Figure 1--Velocity log, density log, acoustic impedance curve (product of seismic velocity and density), reflection coefficient curve (acoustic impedance contrast) and suite of synthetic seismograms for the sec. 2, T. 30 S., R. 24 W. well. Each synthetic seismogram is generated by convolving the reflection coefficient curve with different type of zero-phase wavelet (ie. Ricker, Orsmby, Klauder, Butterworth). Such one-dimensional synthetic seismograms are generally used to correlate field seismic data to the subsurface geology. Note that in all of the figures, positive acoustic impedance contrasts (higher values with increasing depth) generate peaks (deflections to the right); the "arrival time"of a zero-phase wavelet is measured at the apex of the respective trough or peak. Transit time is two-way travel time.

Velocity log, density log, acoustic impedance curve (product of seismic velocity and density), reflection coefficient curve (acoustic impedance contrast) and suite of synthetic seismograms for the sec. 2, T. 30 S., R. 24 W. well.

Modeling Prior to the Acquisition of Seismic Data

Seismic surveys are usually designed with one or more geologic objectives in mind. Modeling is typically done prior to the acquisition of seismic data to ensure that the geologic objectives are potentially seismically visible and to ensure that appropriate field acquisition parameters are used.

Modeling prior to acquisition gives a good indication whether we will be able to resolve the geologic objective, assuming we manage to obtain good-quality field data. It can verify or refute whether geologic objectives can be seen within the limits of the field techniques that will be used. We will probably be able to identify our geologic objective on real seismic data if its seismic image can be resolved on synthetic seismograms.

Modeling after the Acquisition of Seismic Data

The seismic interpreter conceptually transforms seismic sections into geological sections. Reefs, horst blocks, channel sandstones, faults, salt diapirs, deltaic complexes, etc., are typical geologic targets, the seismic image of which the experienced explorer intuitively inverts (transforms seismic time sections into depth sections).

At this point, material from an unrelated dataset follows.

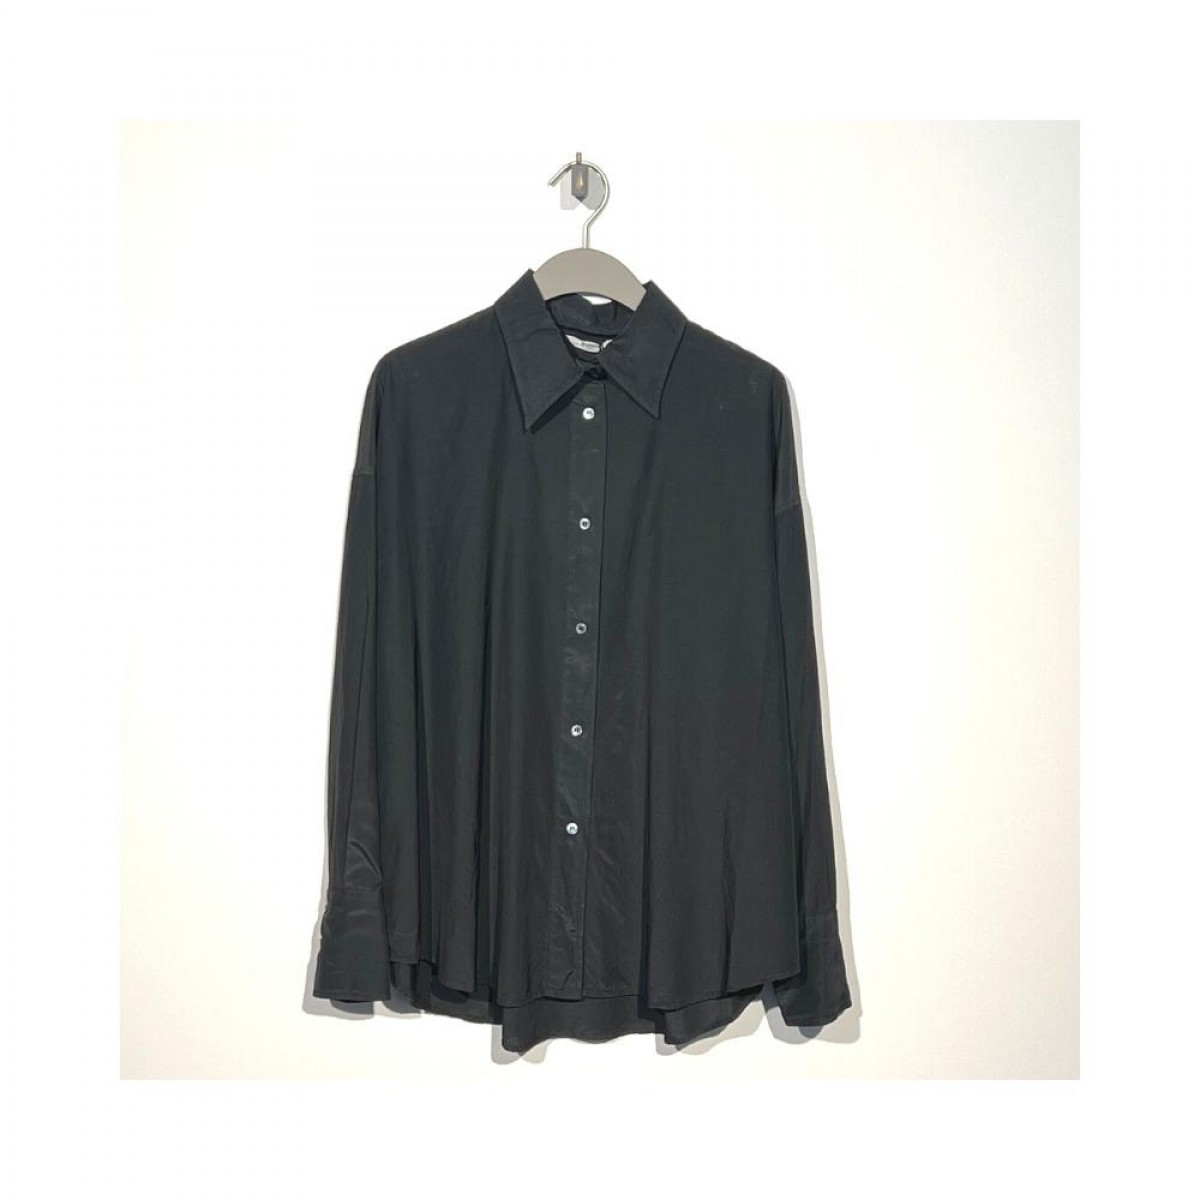 bernarda shirt - black - front

The interpreted seismic data must result in geologic sections that are consistent with well log data and/or other geologic control.

Typically, synthetic seismic data are generated for all or part of a subsurface geologic section (as initially envisioned). The synthetic seismogram is compared to the real seismic data. When significant discrepancies are observed, the geologic section is modified (within the constraints imposed by other independent control) and a new synthetic seismogram is generated. This process is iteratively repeated, until the interpreter is satisfied with the correlation between the synthetic seismogram and the real seismic data, and is confident of the final interpretation.,

Seismic Signature

Geological bodies or exploration targets such as reefs, horst blocks, channel sandstones, faults, salt diapirs, deltaic complexes, etc., typically generate recognizable seismic signatures (or distinguishing seismo-geological features). The seismic signature of a geological body, a reef, for example, is composed of any and all features on the seismic data which can be confidently attributed to the presence of the reef.

Seismic signatures have two basic components: time-structure variations and character variations (fig. 2).

  1. The time-structure component is created by structural relief in the subsurface and velocity-generated, time-structural relief (pull-up/push-down effects).
  2. The character variations component consists of lateral changes in the amplitude and/or phase of specific events, and lateral variations in the seismic image of specified units (typically corresponding to stratigraphic groups). The seismic image of a specified layer is the pattern of the sequence of events from the top to the base of that layer, inclusive.

Figure 2--Components of the seismic signature of a geological body can be categorized as "lateral character variations" or "time-structural relief."

Components of the seismic signature of a geological body can be categorized as lateral character variations or time-structural relief.

Time-structural Component

The time-structural component of the seismic signature of a geological feature is due both to subsurface relief (fig. 3) and to velocity-generated, time-structural relief (figs. 4 and 5).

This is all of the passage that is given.